It was the genius of Madison Avenue ad men that made feminism stylish. Feminism had a terrible image problem until the ad men saved feminism and made it appear fashionable and sassy. In its heyday, Ms. Magazine, the house organ of American feminism, was supported almost entirely by alcohol and tobacco advertising. Gloria Steinem’s decision to spurn cosmetics advertisements and favor booze and tobacco promotions, probably killed more American women than any other decision on the Twentieth Century. Steinem understood that until feminism became stylish it had no hope of becoming a mainstream American phenomenon.
The lesson of feminist posturing has not been lost on gays seeking to mainstream the homosexual sub-culture. If the New York Times can create “buzz” in the tourist industry over a potentially lucrative gay marriage trade, then that industry and related industries might create advertising campaigns of their own that will create the illusion that monosexual marriages are normal or, perhaps, avant-garde, or a stylish step ahead of those plodding conventional heteros whom the gay boys dismiss as “the breeders.” In any case, there is nothing neutral about the New York Times article ballyhooing gay spending potential; it is a calculated effort to coax moneyed interests to bankroll the homosexual agenda.

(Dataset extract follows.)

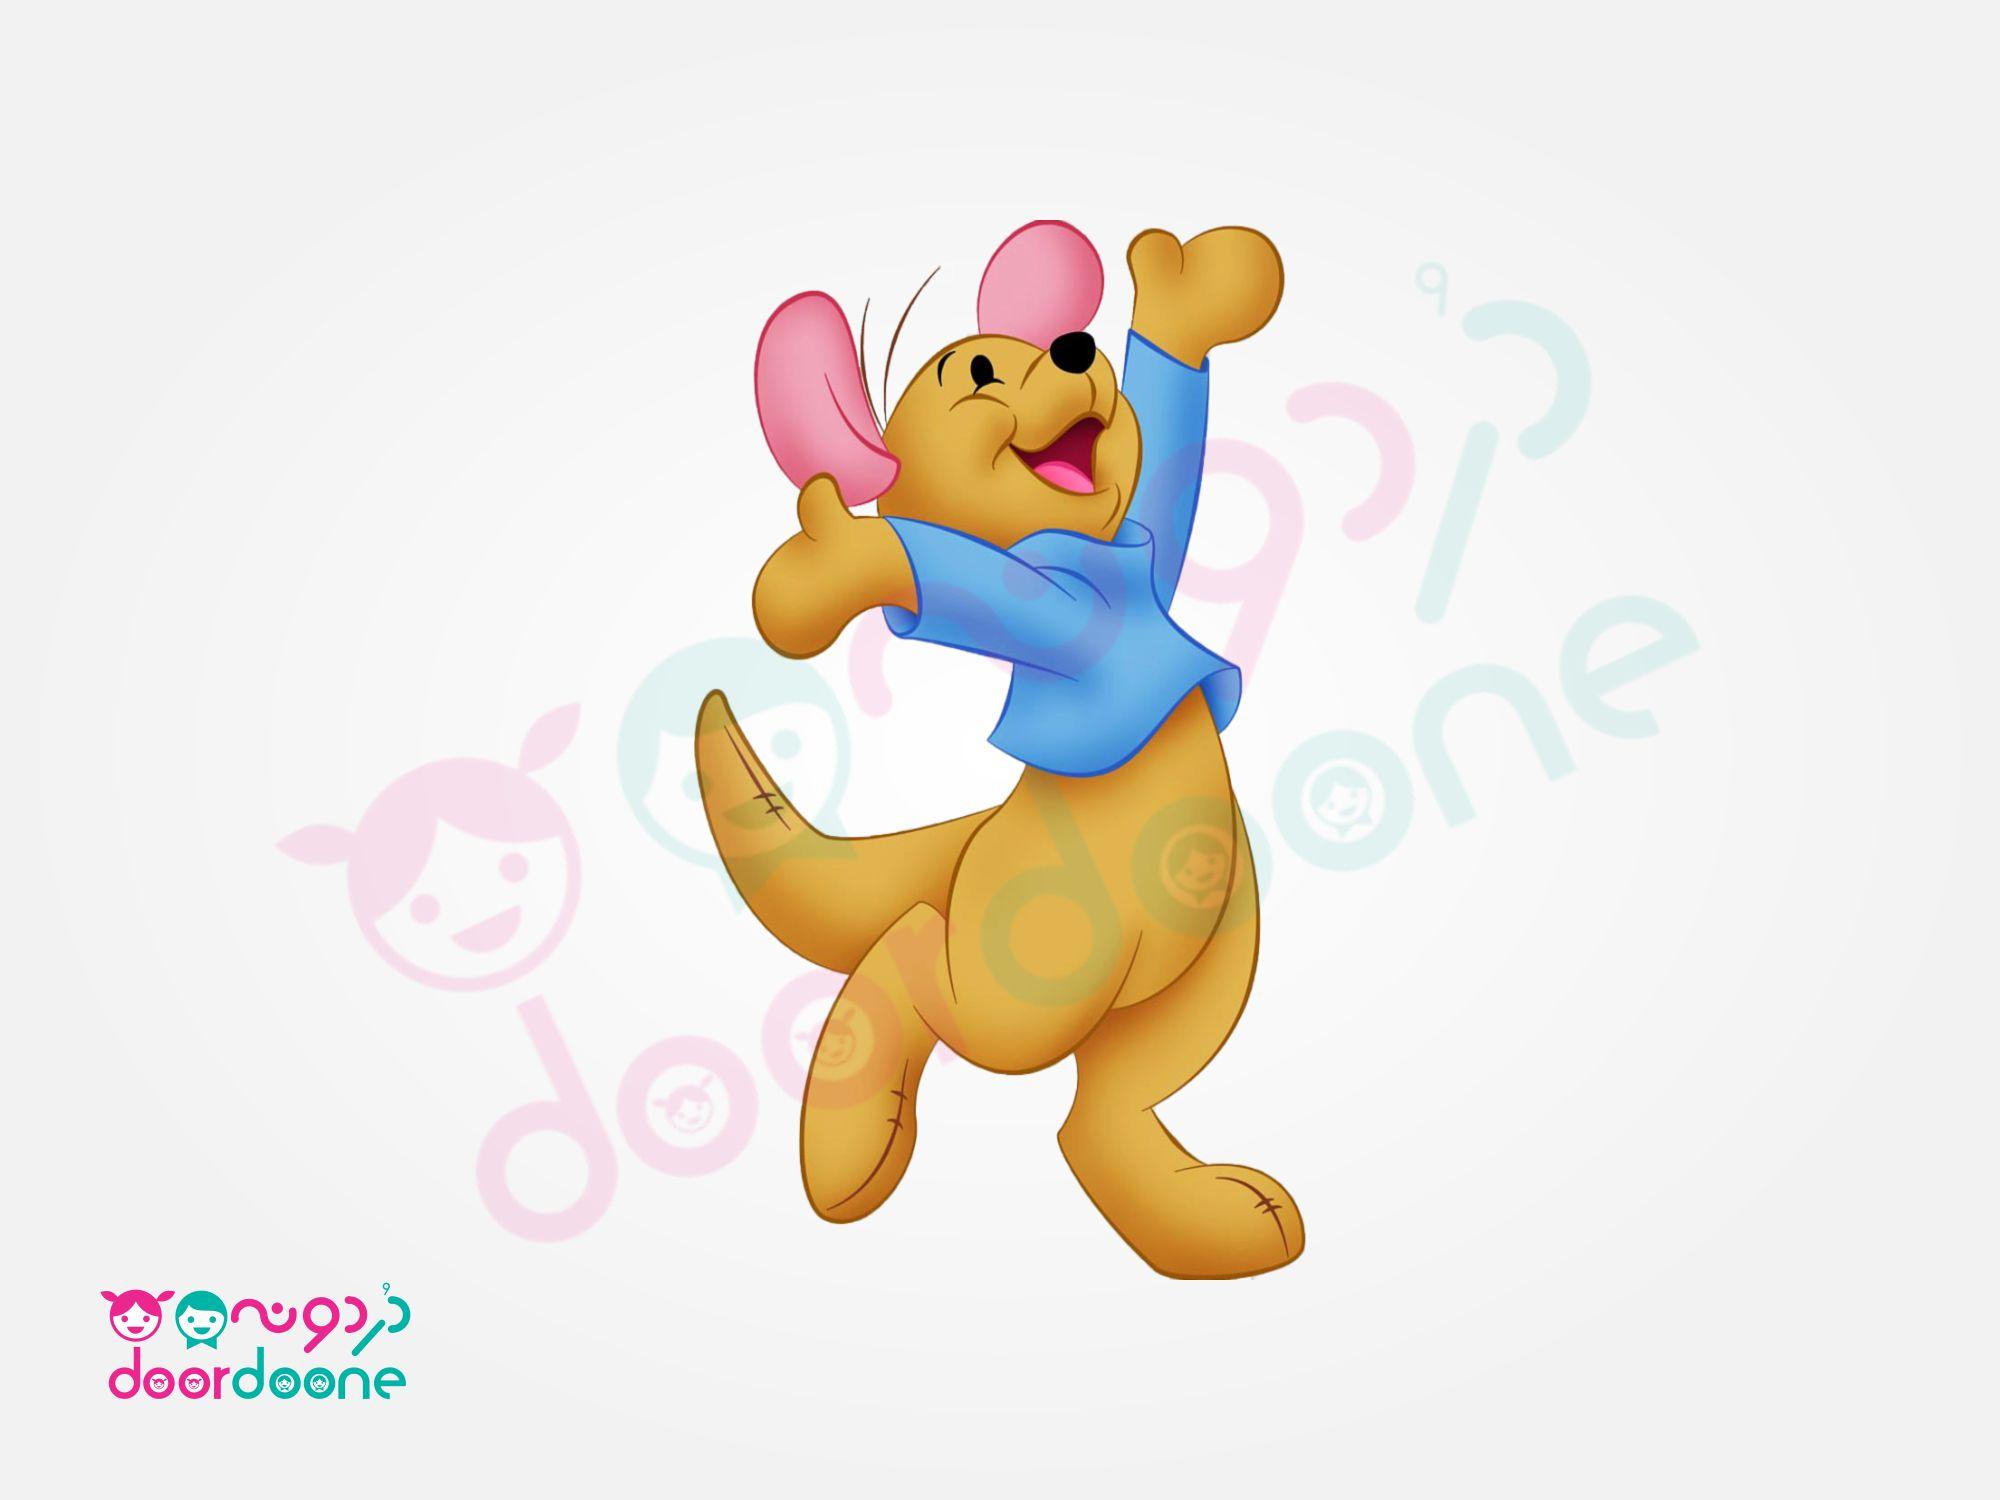 ویفر تم وينی پو (Winnie the Pooh)

According to James McCourt, the author of Queer Street, a history of gay culture from 1947 to 1985, the greatest change for gays is their journey from being hopelessly outside the margins of society to being marketed to and marketed by the relentless forces of market capitalism. The old gay culture has been swallowed up by pop culture. Said McCourt, “Everyone was in the street [after 1985], evidently queer, after Stonewall. The [gay] culture changed into something else, something more marketable.”
Yup, being gay ain’t what it used to be. Or maybe gayness just seems to be different. Is there a new gay, or are they just the same gays with snappier publicity? The old expressive decadence is kept out of sight. Flip on the TV and the gays are all cute and sanitary. On TV, gays have been elevated to the status of Ginsu knives: they are sharp; they are marketable; they are a market niche, a definable target audience.

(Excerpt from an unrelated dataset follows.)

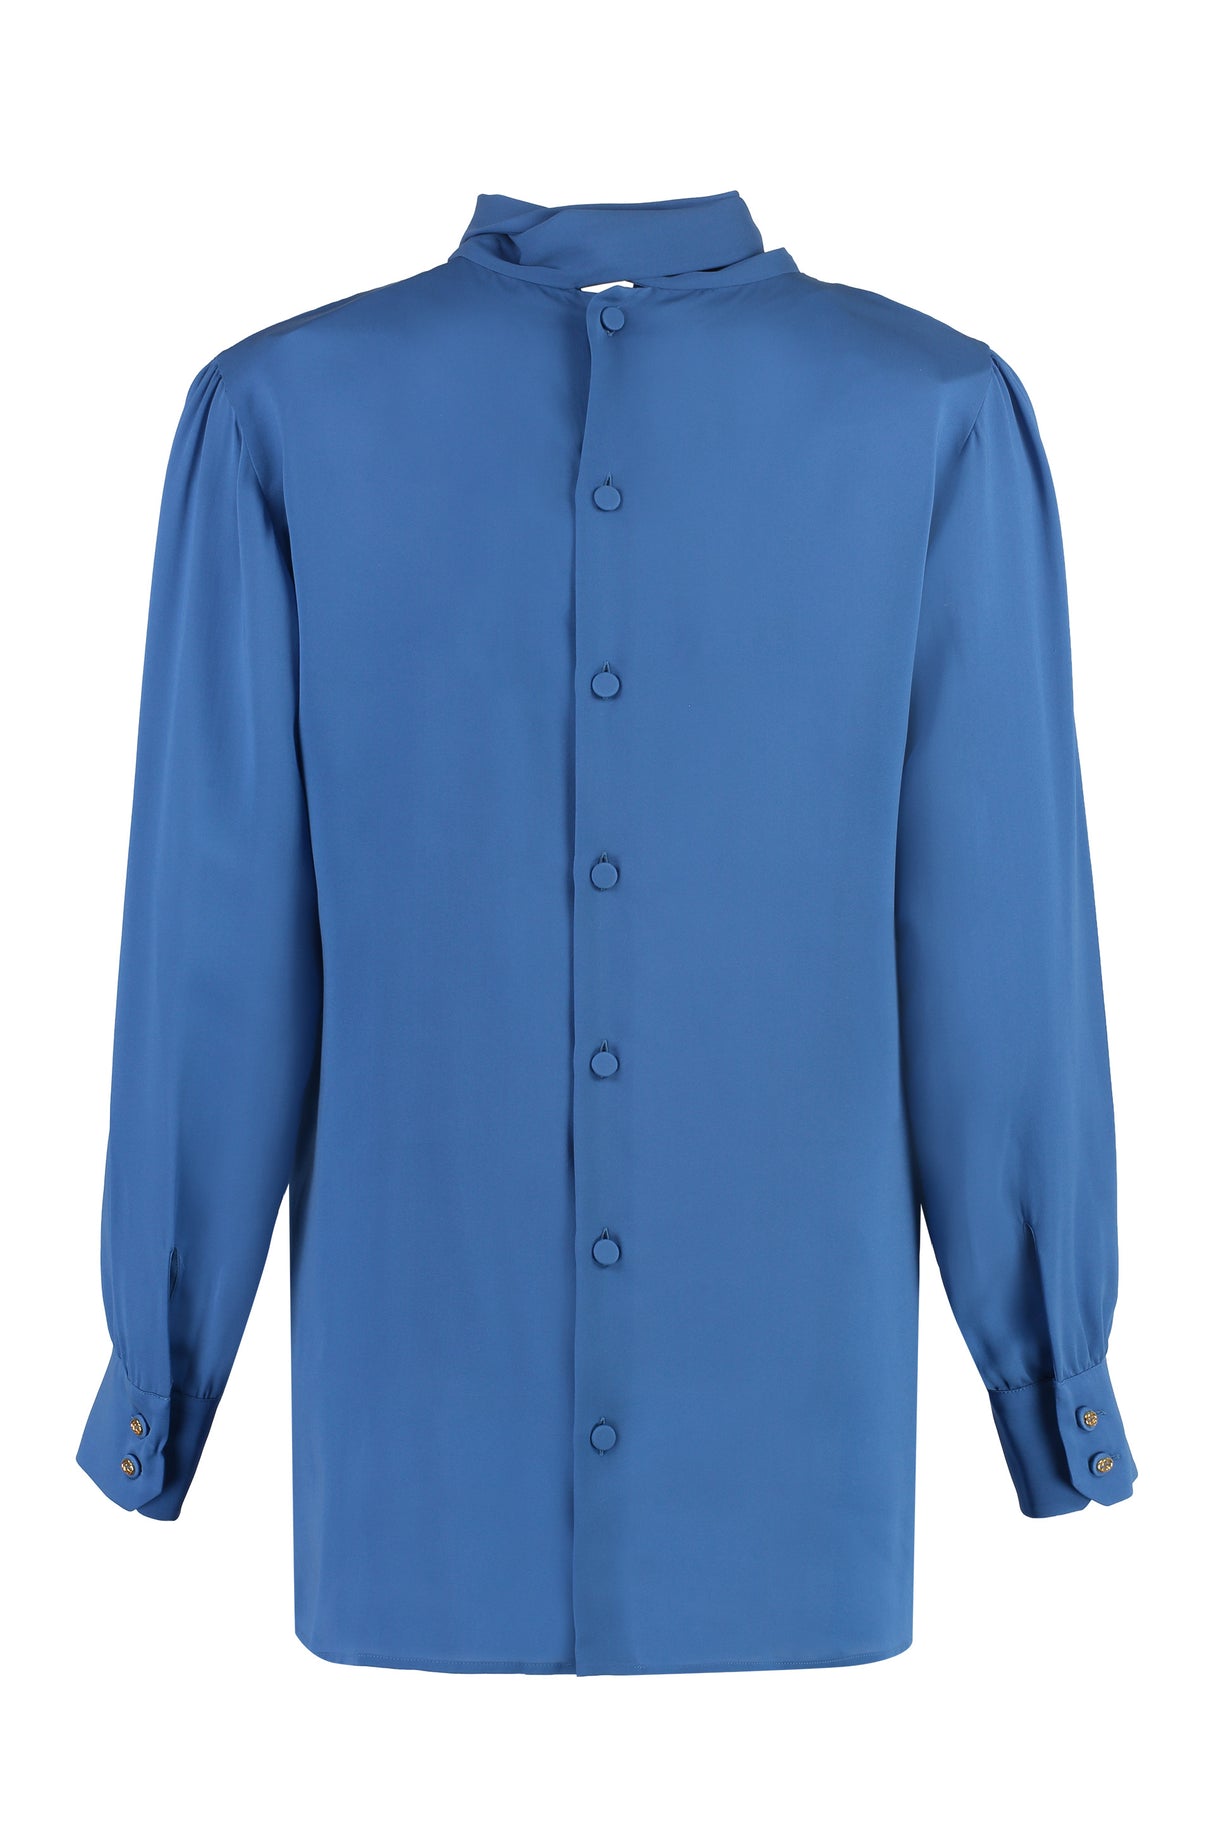 蓝色女性领系带格鲁吉亚式衬衫带有标识细节按钮

According to gay writer P.G. Kain, “Thanks to the recent media blitz, there are now gay cruises, gay restaurants, gay vodkas, gay hotels and probably gay toenail clippers. There was a time when being ‘a friend of Dorothy’s’ meant something special. You were different. Now it means that you’re part of a commercial demographic.”
This brings us to the 2004 Same Sex Wedding Expo at the Jacob K. Javits Convention Center in Manhattan where gay and lesbian couples strolled amid acres of red tulle and heart-shaped balloons. The New York Times introduces us to Chris and Eric who “walked arm-in-arm among the booths, pausing to examine expensive Champagne vacation packages for gay couples, and tables set up by lawyers offering services and advice on domestic partnership agreements and adoption…They examined special wedding cake decorations adapted for gay couples…figurines of two grooms. Or two brides.” “They’re so cute!” Chris exclaimed. He and Eric, we are told want a state-sanctioned wedding, complete with “a church ceremony, a towering cake, a limousine, lots of candles and ‘fabulous satin’.”
Smack in the middle of the third annual Same Sex Wedding Expo was Renee Rotkopf ready to sign up anyone who was in the mood for a unification ceremony conducted by an “interfaith minister,” whatever that is. The ceremony would include “a certificate and a flower bouquet, but no marriage license or legal benefits.” “It’s symbolic,” said Rotkopf.
According to the Times, “Organizers and exhibitors say gays and lesbians make up a market that generally spends a lot.” That’s no surprise. Gays, as a group, are doing very well. Sixty percent of gays enjoy executive employment. They are overwhelmingly childless and therefore have little stake in the future. They are free to live for the moment, to indulge their latest infatuation. It is extremely unusual for any gay male relationship to last more than two years. The Times quoted Gay, Lesbian, Bisexual and Transgendered Expo organizer Sharmayne Wesler as saying, “Companies are tapping into the gay community. There is a lot of potential for their bottom line. Plus, it’s a fun community.” She meant companies such as MetLife that was busy hustling plans for domestic partner benefits. MetLife was competing with nearby Go Softwear that specializes in vinyl thongs for guys who want to attract other guys.
It wouldn’t have been a gay expo without a booth promoting gay nudism. The Mount Sinai School of Medicine dispensed free condoms and Milky Way chocolate bars. A drag queen in a skimpy silk kimono, stockings and gold stiletto heels drew attention to the booth for Lucky Cheng’s restaurant where all the waiters dress in drag.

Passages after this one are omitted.